In health & happiness,

Hannah

Universal Loving Kindness

This week's practice was universal loving kindness. While reading about universal loving kindness in our text, I especially loved the line that says "to see another, acknowledge another, hear another, be present with another, and feel one with another- a lover, a partner, a friend, a stranger, and even an enemy- is a profound healing gift for oneself and the world" (Dacher, 2006, p. 93). I do believe that practicing universal loving kindness is extremely worthwhile and that these things would indeed help heal ourselves as well as heal the world. The text also gives an example of a universal loving kindness mini-practice. After 2 minutes of sitting with eyes closed and resting, you are supposed to repeat the following 4 sentences to yourself for the next 10 minutes:

May all individuals gain freedom from suffering.

May all individuals find sustained health, happiness, and wholeness.

May I assist all individuals in gaining freedom from suffering.

May I assist all individuals in finding health, happiness, and wholeness.

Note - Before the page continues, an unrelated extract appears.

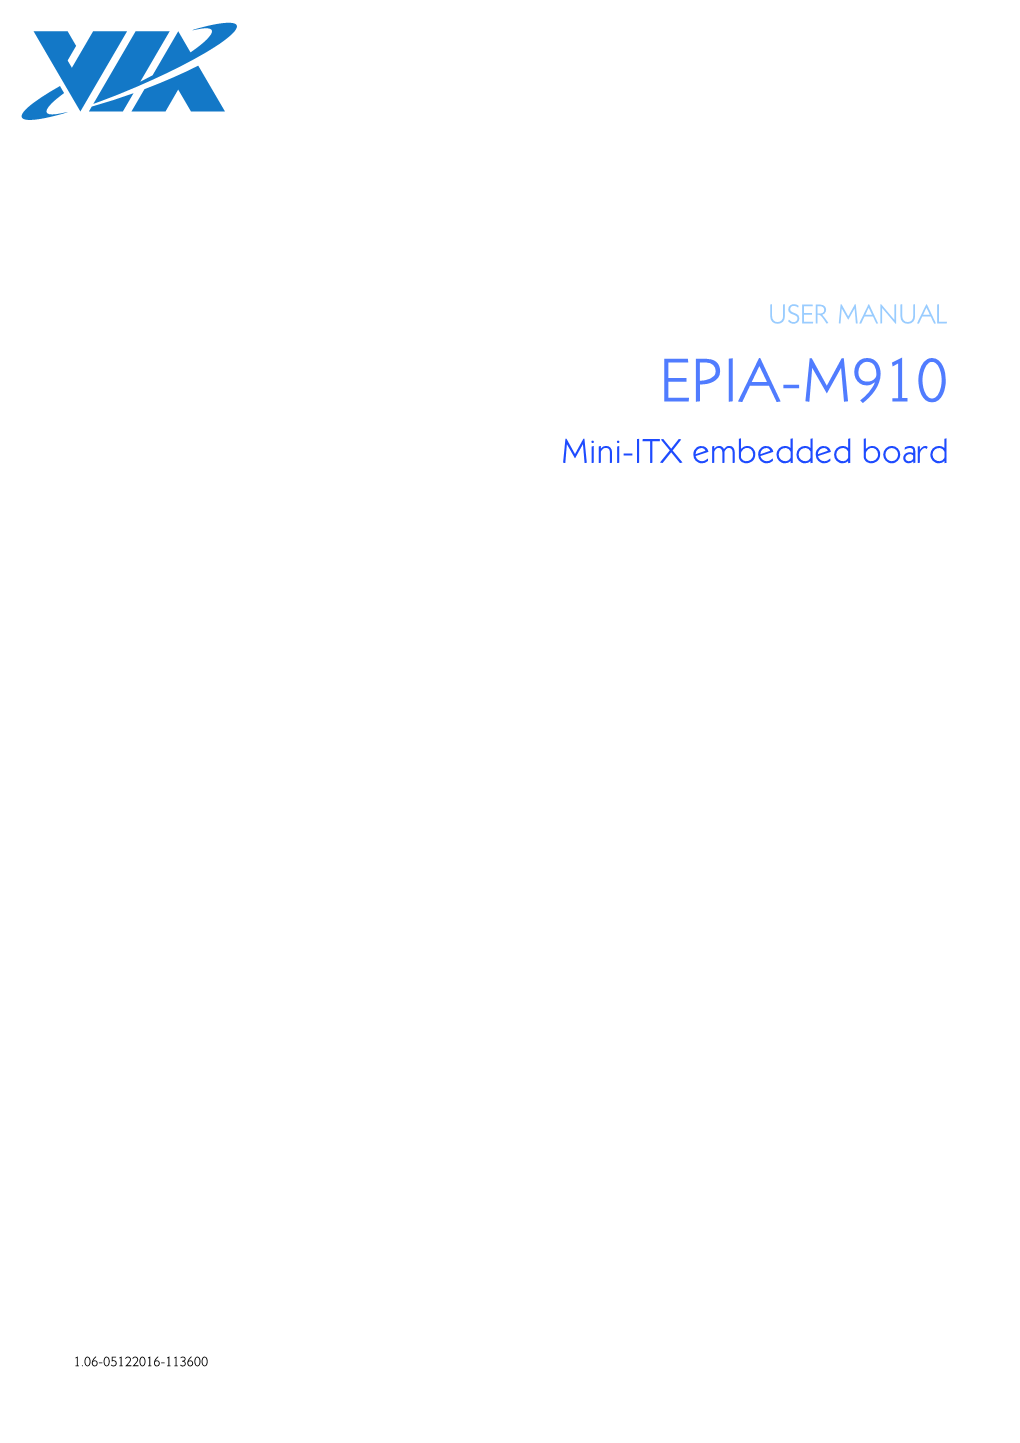 EPIA-M910 Mini-ITX Embedded Board
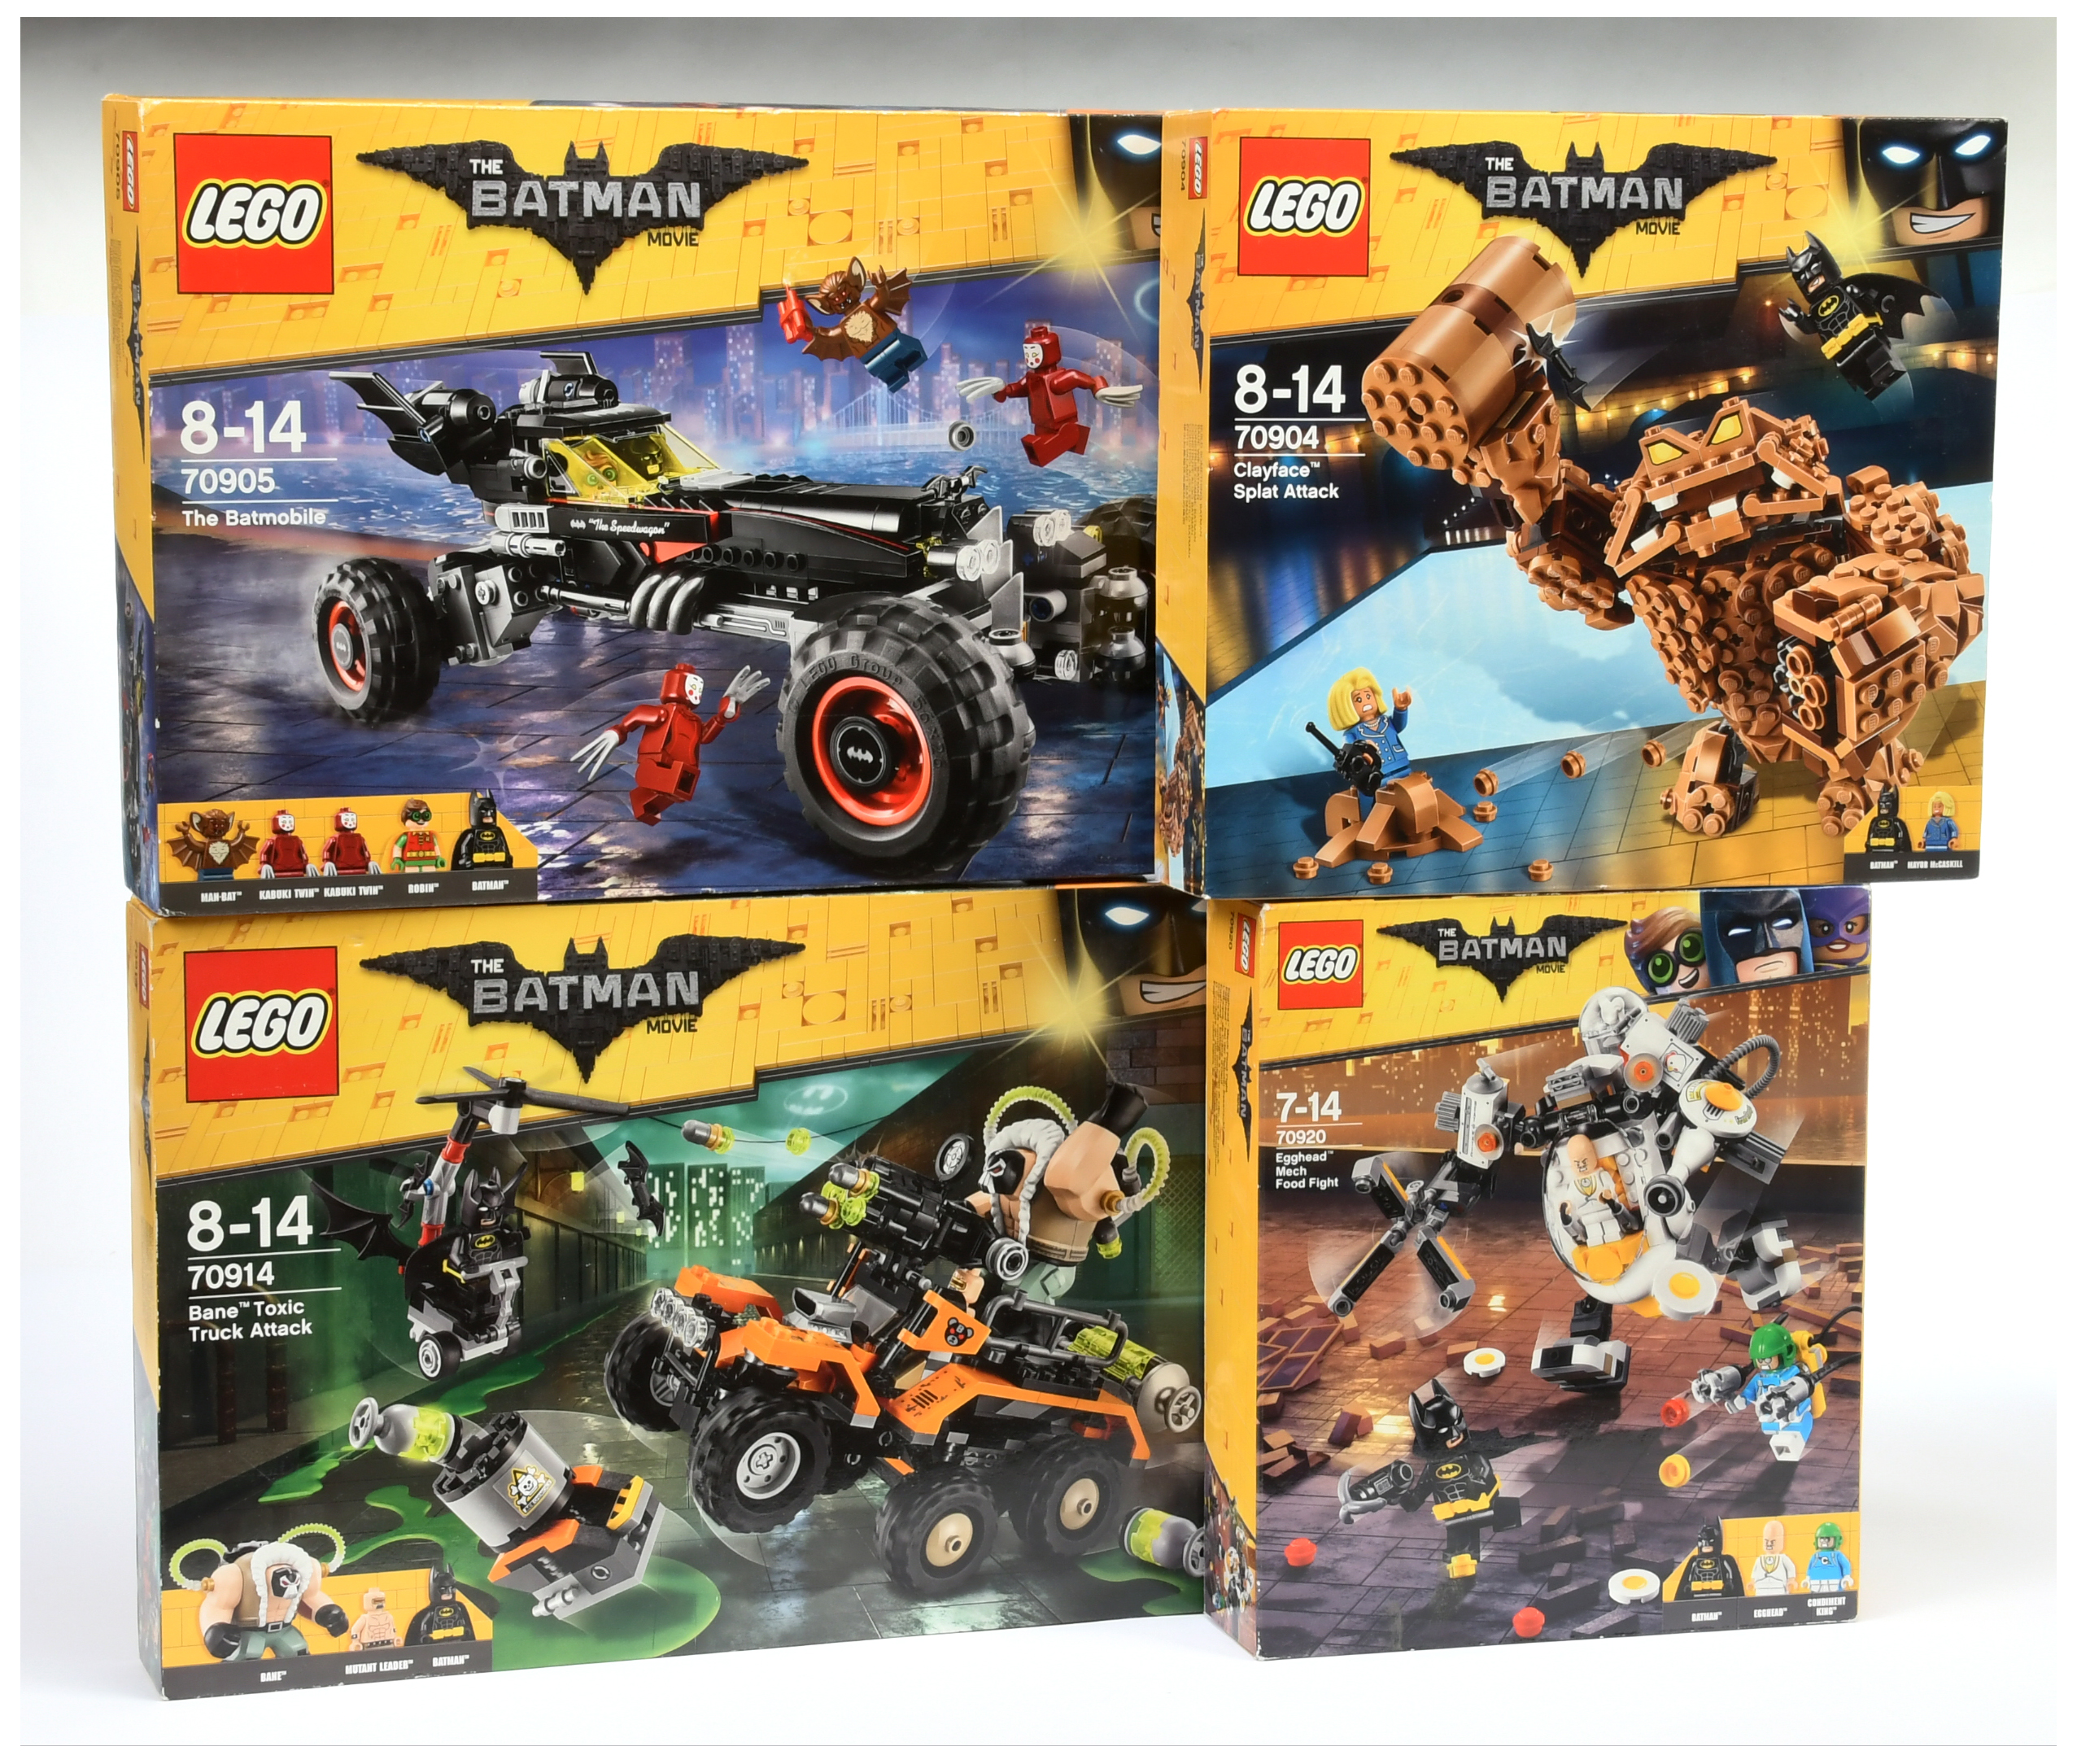 Lego The Batman Movie group (1) 70905 The Batmobile (2) 7914 Bane Toxic Attack (3) 70904 Clayface...

I must admit, this was not my favorite practice. While I did feel relaxed and peaceful at the end, I personally thought repeating the same 4 sentences over and over seemed monotonous. I definitely had to focus on staying aware and conscious of what I was saying and not go into robot-Hannah. I think I'm discovering that chanting or repeating the same thing over and over isn't my preferred style of practice. I much prefer the audio-guided practices in the past units where I got to focus on visualizing something instead of just repeating a phrase.

In health and happiness,

Hannah


Source: Dacher, E. S. (2006). Integral health: The path to human flourishing. Laguna Beach, CA: Basic Health Publications, Inc.

Tuesday, May 21, 2013

Loving Kindness vs. The Subtle Mind Exercise

So, once again, I had a hard time with the contemplative exercise this week. (I have begun to realize that I really have a problem quieting my mind :/ ) To me, the subtle mind exercise was even harder than the loving kindness because there was less "guiding," so to speak. In the loving kindness practice, first you are instructed to focus on a loved one, then yourself, then a group...yada yada yada. The point is, I was relaxing my mind but was also constantly alert or actively following the directions. (Basically my mind thought it was still busy, so it didn't seem as awkward for me.) However, in the subtle mind exercise, the focus was to quiet and relax the mind by focusing on my breathing. That's it. No more steps really, no more guiding. Just focus on my breath and don't think. Guess what?! When I'm trying not to think, all I seem to want to do is THINKTHINKTHINK. It must be my mommy-brain taking over, but I tend to continuously think 10 steps ahead of myself. And I know the exercise says to just bring your focus back to your breathing if you get distracted, but I seemed to have to do that constantly! I even caught myself thinking "Up.Down.Up.Down" with each breath, which is obviously not helping to quiet my mind any. So my overall impression is that while this exercise seemed a lot harder, it is probably just because I really need it. I'm definitely going to make this a daily habit from now on since I obviously NEED the practice.